**DATA**
•••

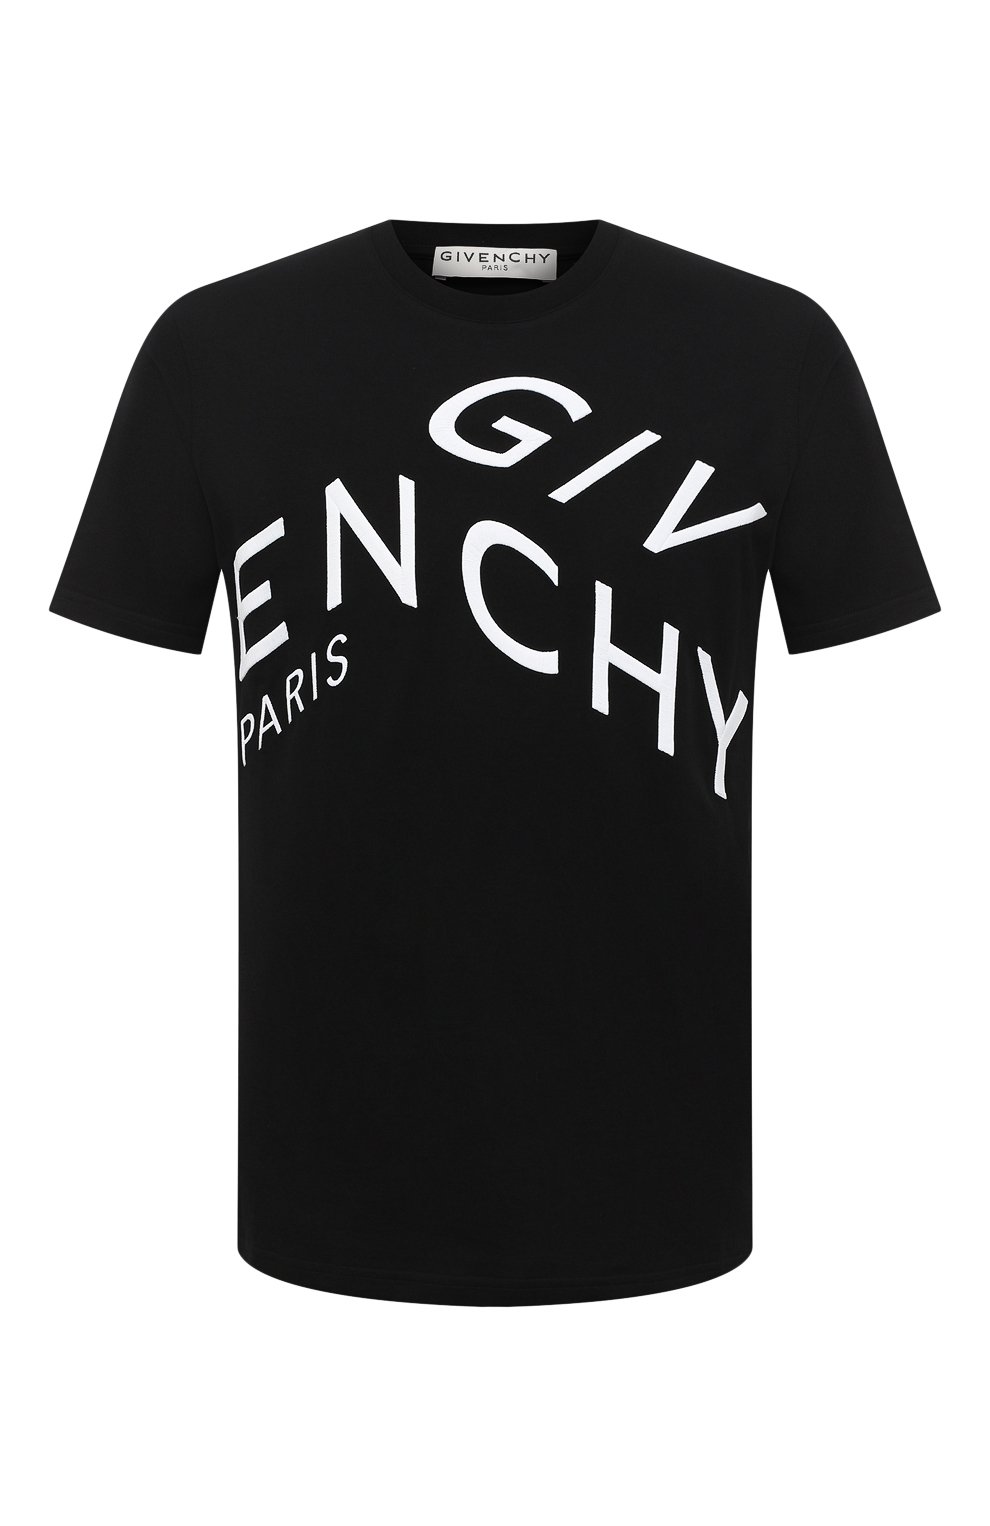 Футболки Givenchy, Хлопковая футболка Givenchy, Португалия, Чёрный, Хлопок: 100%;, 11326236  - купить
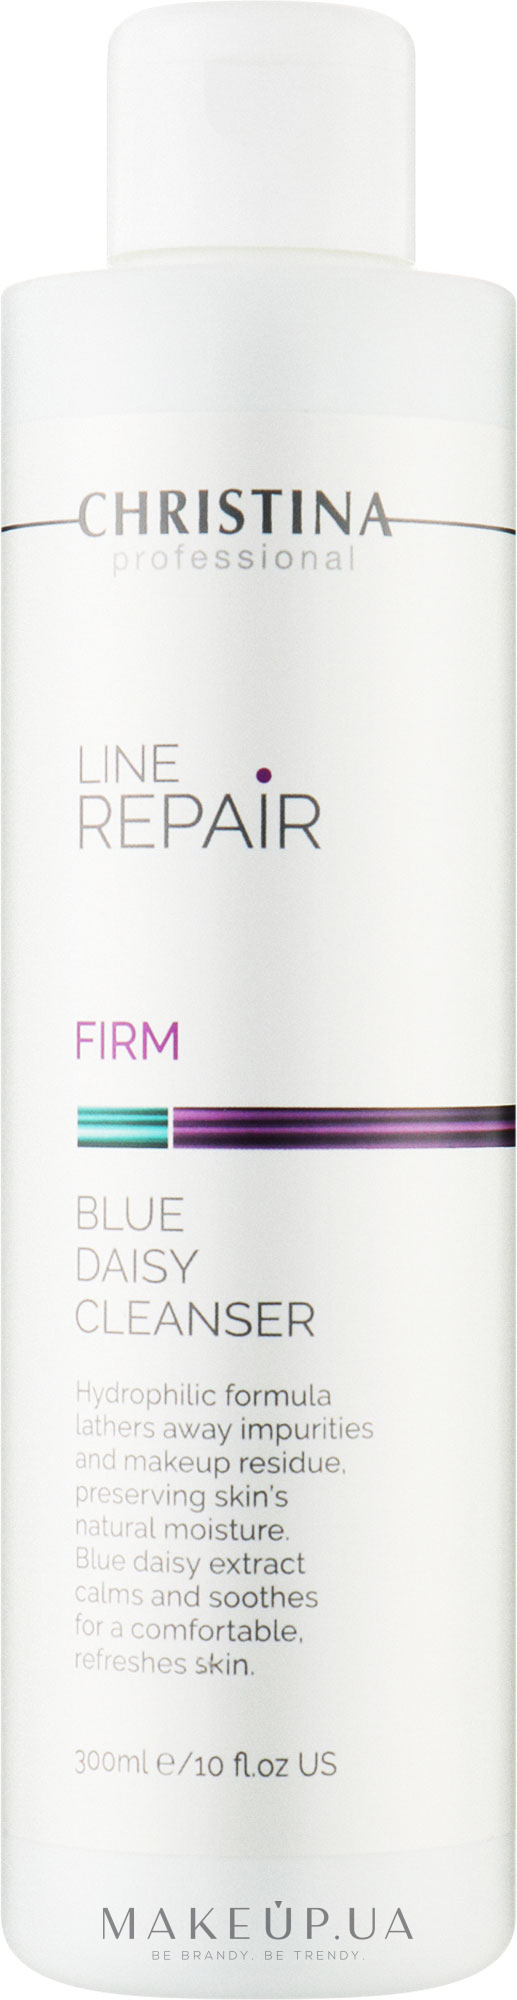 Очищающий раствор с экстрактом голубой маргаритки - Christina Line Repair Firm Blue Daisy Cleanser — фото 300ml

•••

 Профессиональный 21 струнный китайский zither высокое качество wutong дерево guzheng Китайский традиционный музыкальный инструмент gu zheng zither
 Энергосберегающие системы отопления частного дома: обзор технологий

•••

**EXERCISE DETAILS**
Your copy should hold the lines from the one with "Футболки Givenchy, Хлопковая" up to and including the one with "Очищающий раствор с", exactly as in the data above, and no pictures.

**YOUR RESPONSE**
 Футболки Givenchy, Хлопковая футболка Givenchy, Португалия, Чёрный, Хлопок: 100%;, 11326236  - купить
 Очищающий раствор с экстрактом голубой маргаритки - Christina Line Repair Firm Blue Daisy Cleanser — фото 300ml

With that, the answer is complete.